Un tribunale di Pune, domenica (16 agosto 2026) ha rimandato il capo della droga in fuga Virender Singh Basoya alla custodia del Narcotics Control Bureau (NCB) fino al 21 agosto. Basoya, recentemente estradato dagli Emirati Arabi Uniti, è stato presentato davanti al tribunale di Rouse Avenue a Nuova Delhi sotto la forte sicurezza della polizia. La corte ha accettato la richiesta dell'accusa di trattenerlo per sei giorni, nonostante il suo avvocato abbia sostenuto per un periodo più breve di quattro giorni.
Secondo l'accusa, era rimasto all'estero per un periodo prolungato e si credeva fosse una figura centrale in una importante rete di traffico di droga. Durante i procedimenti, l'accusa ha sottolineato la gravità della fornitura di stupefacenti, osservando che quasi 9.000 kg di mephedrone erano stati sequestrati in precedenti operazioni condotte dall'NCB e dalla polizia. La polizia di Pune aveva anche recuperato una notevole quantità di droghe a Vishrantwadi e Delhi, con un totale di sequestro che raggiungeva circa 1.837 kg.

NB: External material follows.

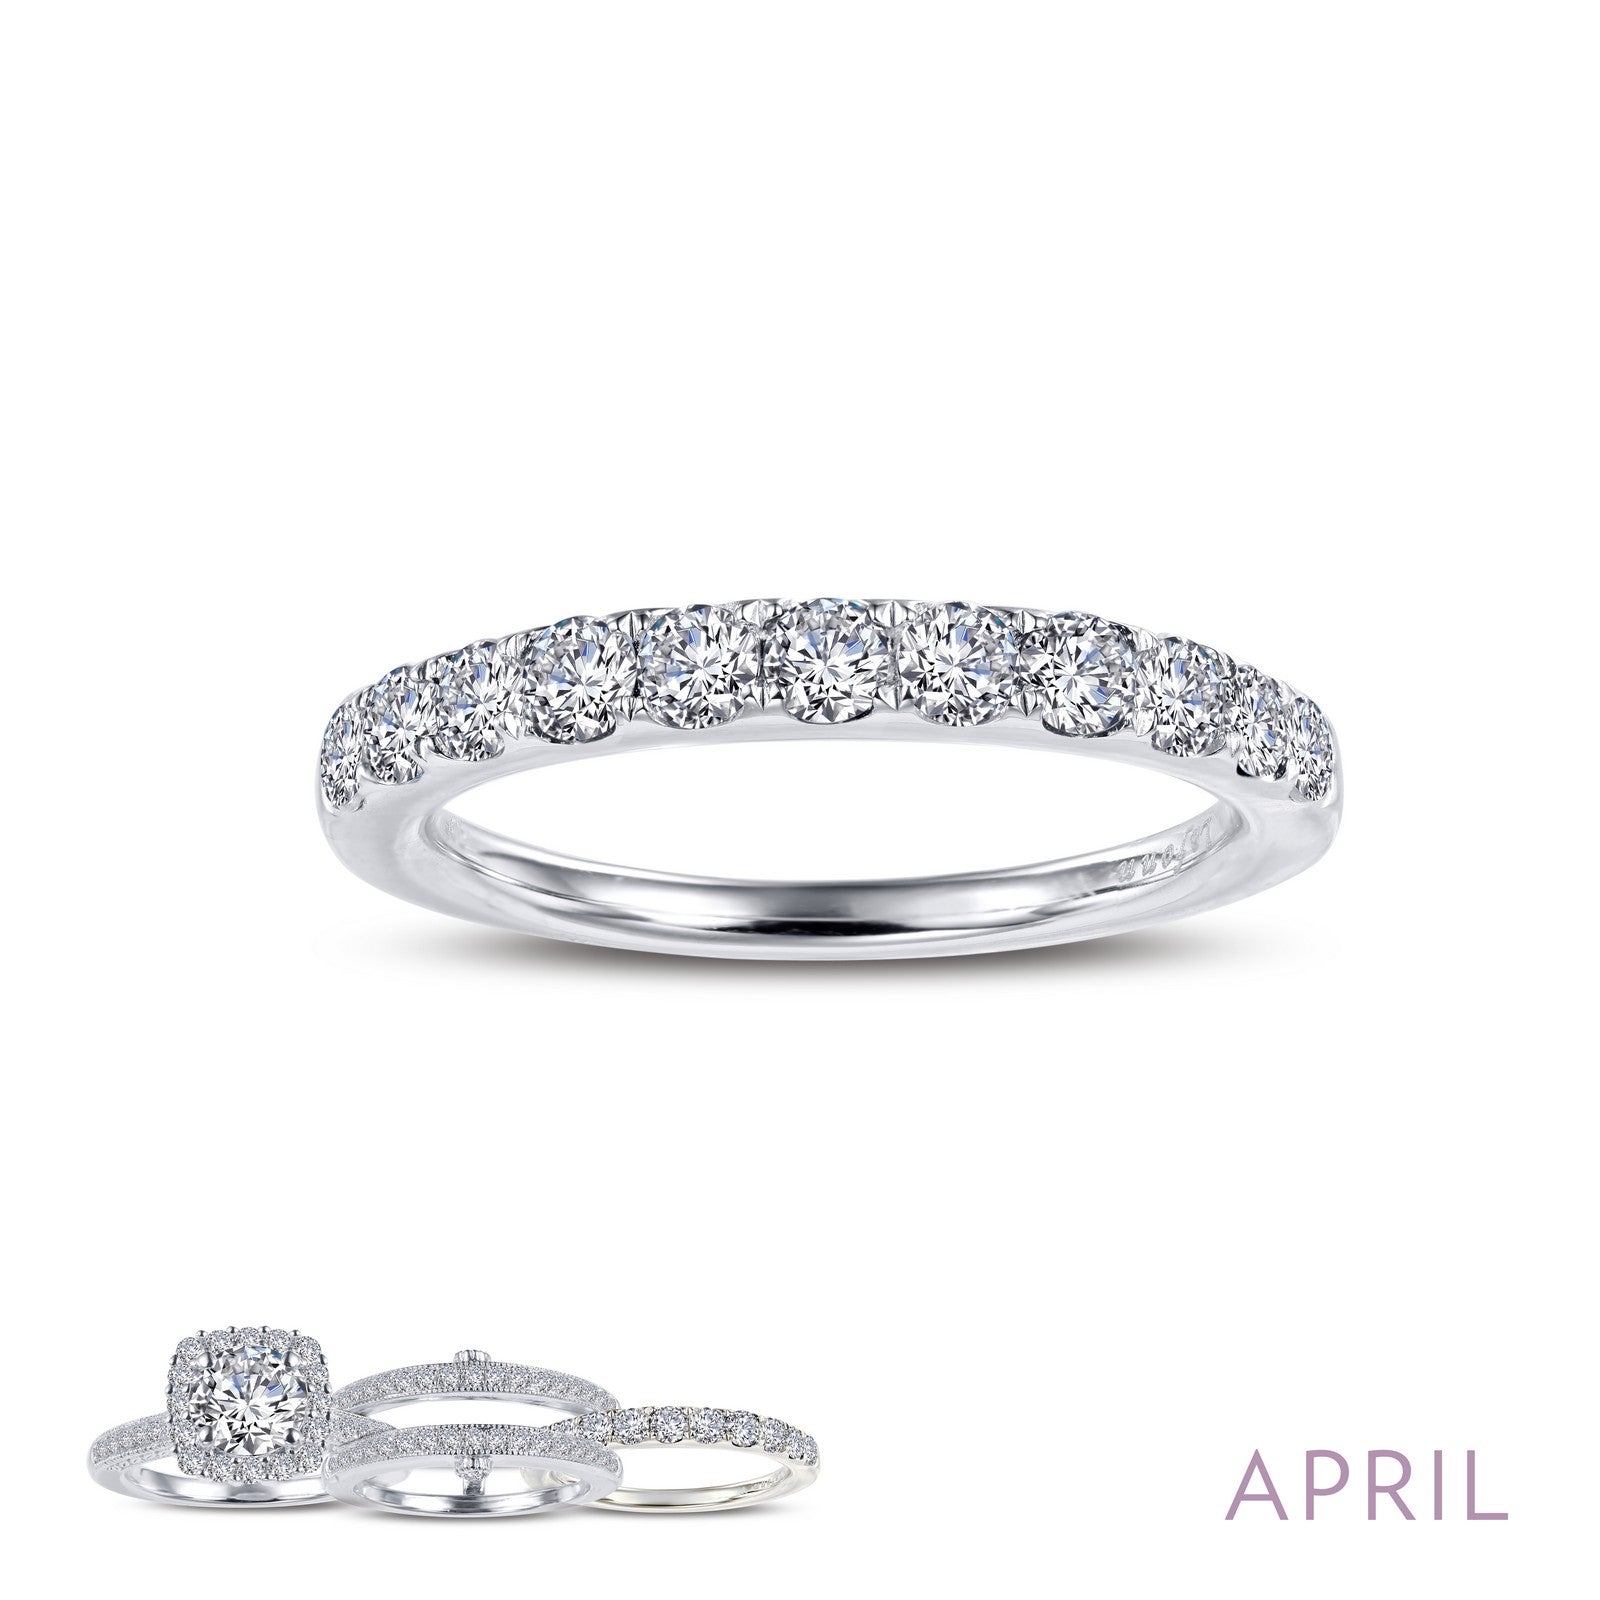 April Birthstone Ring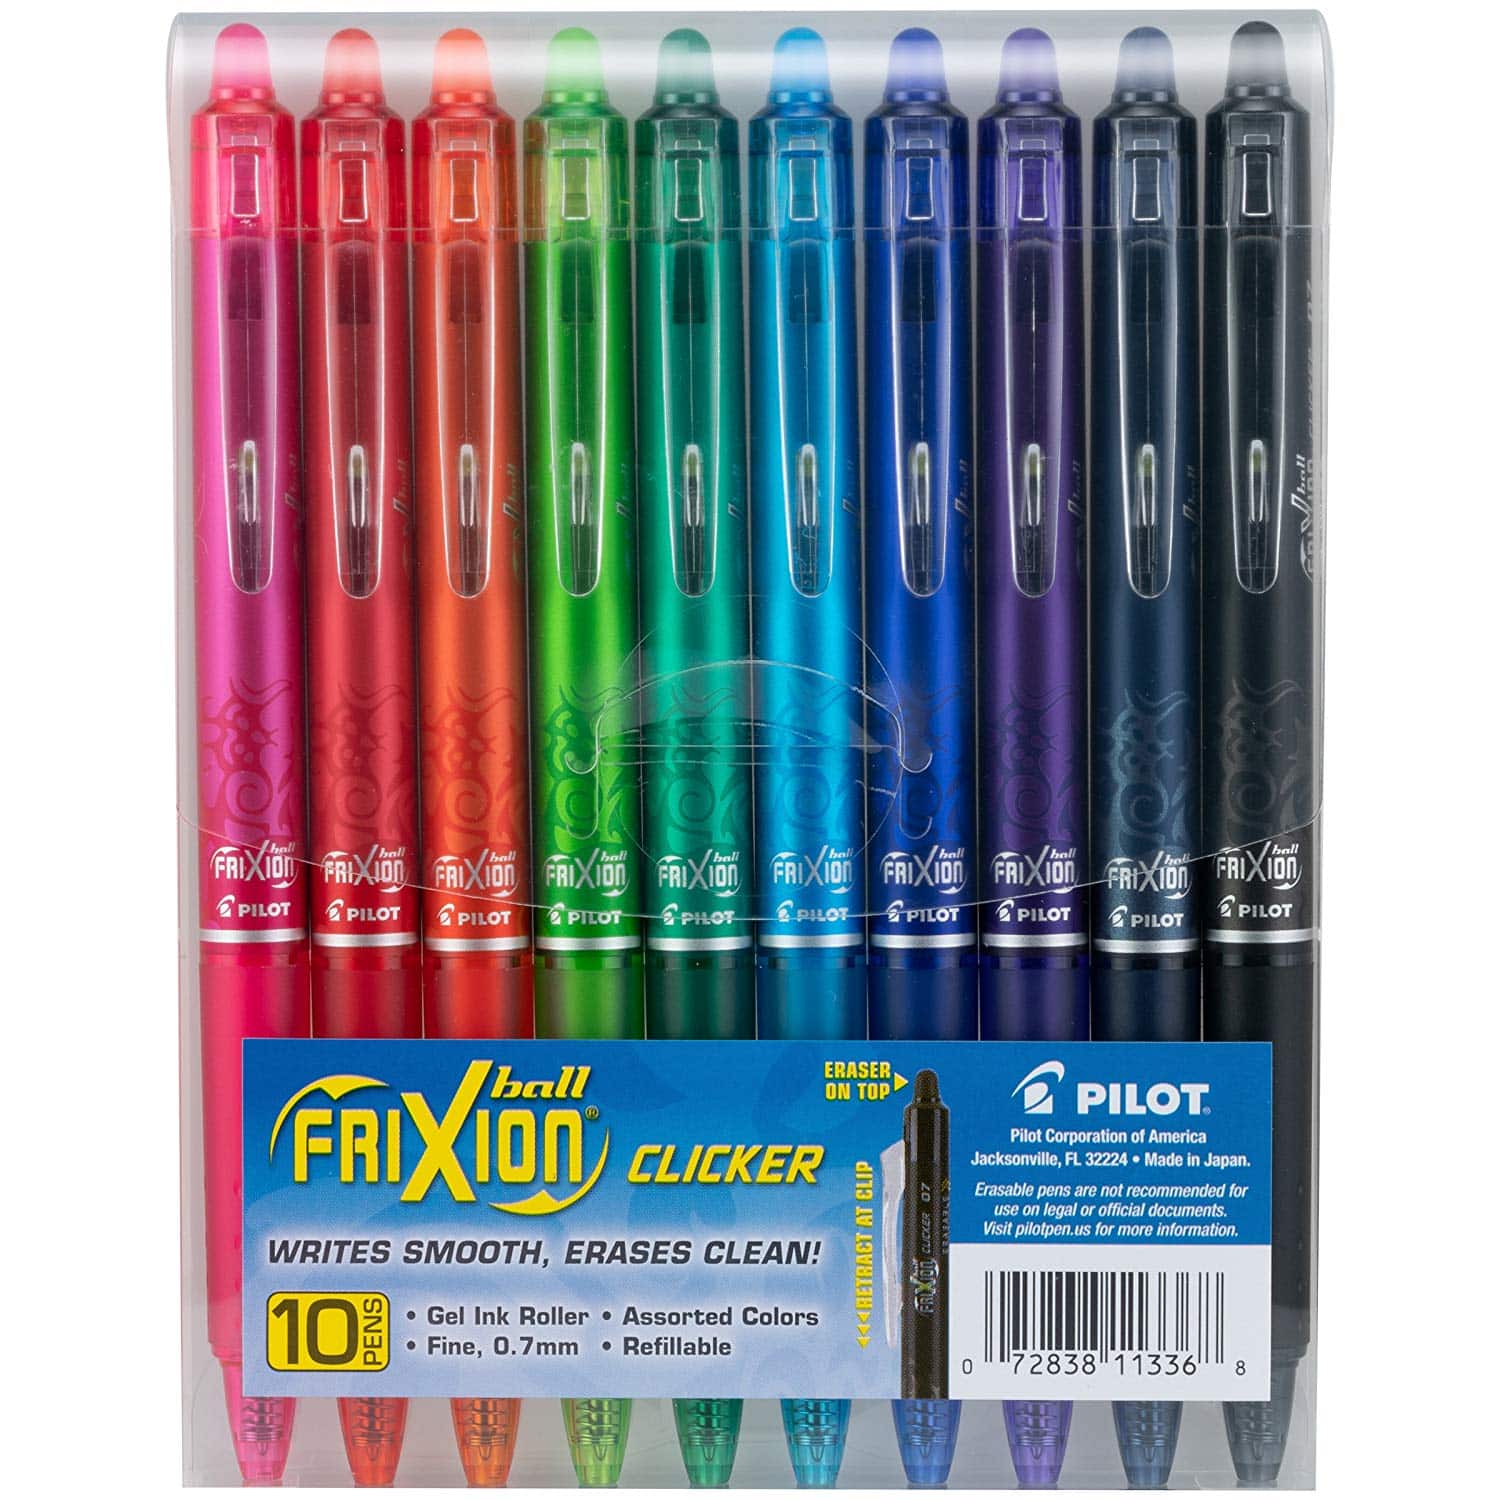 LIGHTNING DEAL ALERT! PILOT Frixion Clicker Erasable Gel Pens

Queste operazioni facevano parte di un più ampio sforzo per smantellare un sindacato di traffico di droga su larga scala. L'indagine sulle attività di Basoya è stata inizialmente innescata da un caso del 2024 a Pune, dove sono stati sequestrati 500 grammi di mephedrone, uno stimolante sintetico noto come "meow meow". Ciò ha portato all'espansione della sonda, che alla fine ha scoperto una vasta rete responsabile del contrabbando di mephedrone dall'India ad altri paesi. L'unità di Mumbai della NCB ha preso in carico l'indagine e ha identificato Basoya come presunto ideatore delle operazioni. È stato anche implicato in un caso separato che coinvolgeva la Cellula speciale della polizia di Delhi, che ha indagato sul traffico internazionale di cocaina.
Il nome di Basoya è apparso in connessione con Sandeep Dhunia, il principale sospettato in un caso di sequestro di droghe da ₹13,000 crore. Dhunia era fuggito da Dubai in Pakistan, secondo i rapporti. L'NCB aveva precedentemente emesso un avviso rosso dell'Interpol contro Basoya, contrassegnandolo come persona di interesse per la cooperazione internazionale nell'arresto dei criminali.
Il ministro degli Interni Amit Shah ha elogiato il successo della NCB nel garantire il ritorno di Basoya dagli Emirati Arabi Uniti, definendolo una "nuova pietra miliare" nella politica di tolleranza zero del governo contro i narcotici. In un post sui social media, Shah ha ribadito l'impegno del governo Modi a rintracciare i trafficanti di droga nascosti all'estero e smantellare le loro reti. Ha sottolineato che non importa dove tali individui tentino di nascondersi, non possono evitare la portata della legge indiana. L'operazione ha comportato una doppia strategia investigativa, combinando approcci top-down e bottom-up per rintracciare i movimenti e le transazioni finanziarie dei criminali.
Le forze dell'ordine si stanno ora preparando ad interrogare Basoya riguardo alle rotte di approvvigionamento internazionali, ai meccanismi di riciclaggio finanziario e ai complici locali collegati al cartello della droga multicoreo.